The Picture of Dorian Gray
The Picture of Dorian Gray was arch-aesthete Oscar Wilde's only novel, although he wrote a number of poems and children's stories before it was published in 1890 (in Lippincott's Magazine) and became a very successful playwright in the 1890s themselves. Like much of his work and life, the Gothic melodrama Dorian Gray was controversial. In his preface to the book he famously wrote that, "There is no such thing as a moral or immoral book. Books are well written or badly written. That is all". The novel is a brilliant portrait of vanity and depravity tinged with sadness. The picture of the title is a splendid work painted by Basil Hallward of the orphaned boy Dorian Gray who is the heir to a great fortune.

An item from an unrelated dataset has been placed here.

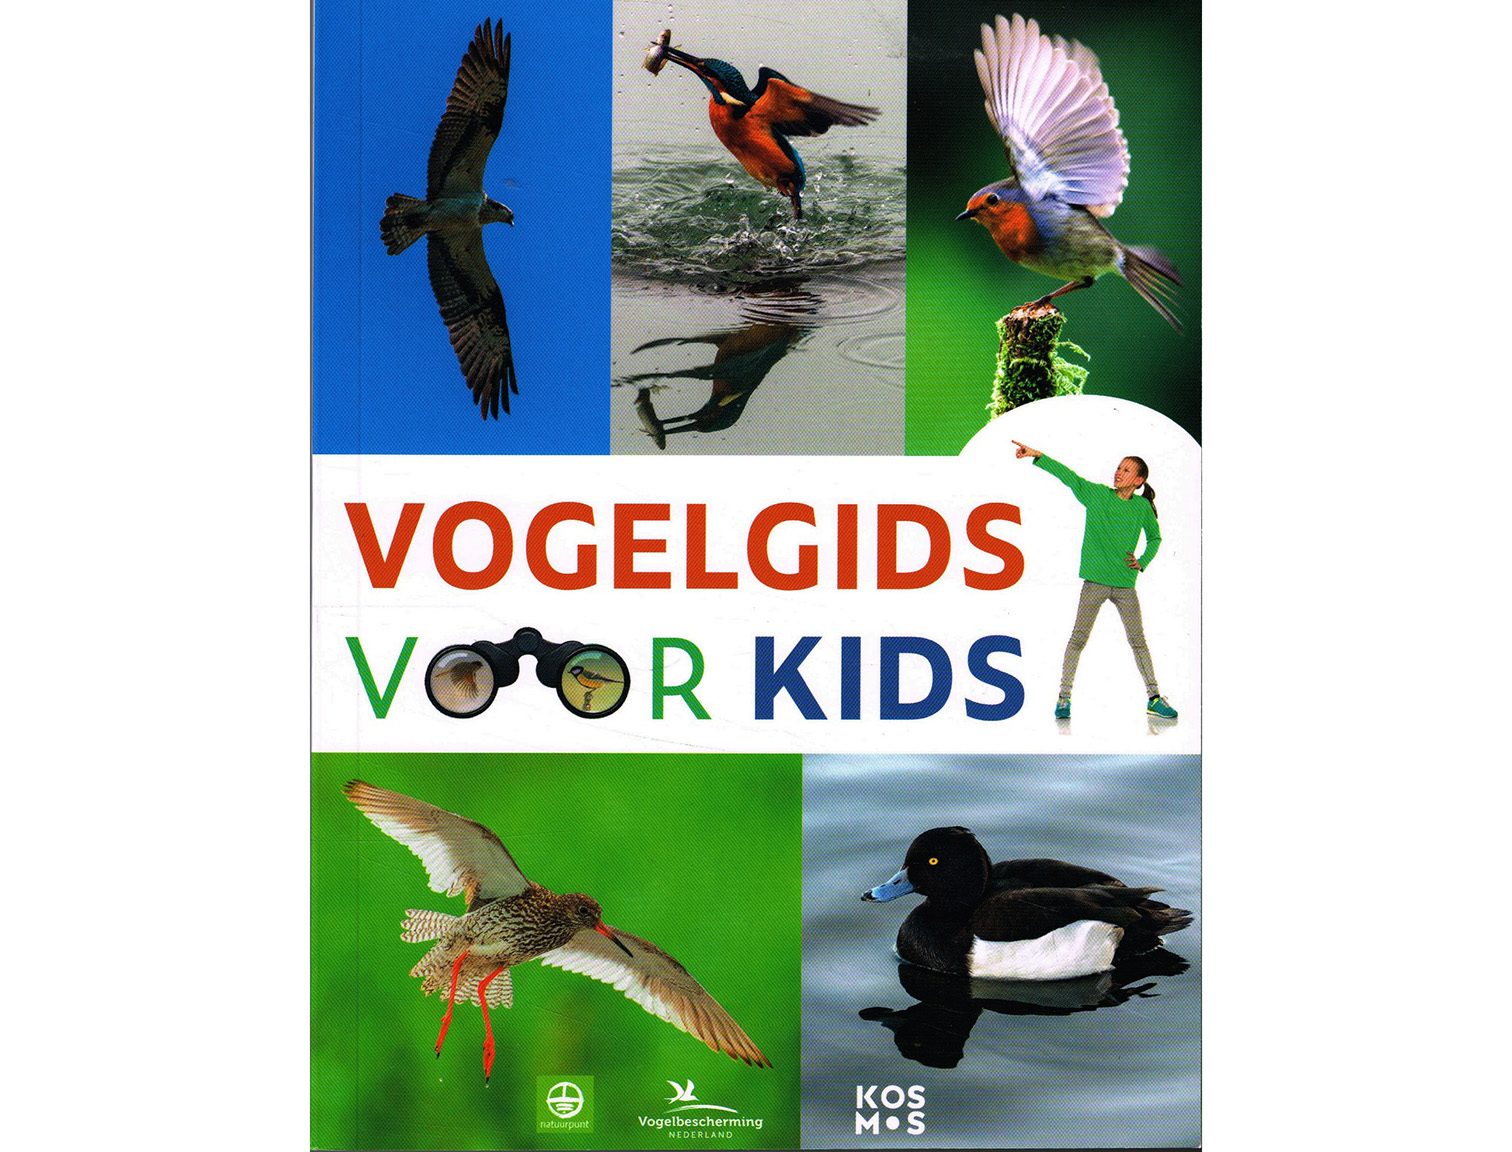 vogelgids voor kids

Lord Henry and Hallward discuss the boy and the remarkable painting. Dorian enters and declares that he would give his soul if he were always to be young and the painting instead would grow old. As the story pans out, Dorian leaves his fiancée - the actress Sibyl Vane - because through a single bad performance he claims that she has `killed' his love. She kills herself with poison and Dorian is unaffected. So begins the tale of the boy's descent into low society in London while still giving dinners and musicals for high society. He is inspired by two things: the book Lord Henry sends him that seems to predict his own life in dissecting every virtue and every sin from the past; and secondly the picture of himself which grows steadily older and more vicious looking compared to his own mirror image which remains young. Fanatical about the portrait, he is driven to murder and deception. As others are drawn into this web of evil Dorian himself longs to return to innocence but his method is horrific and tragic.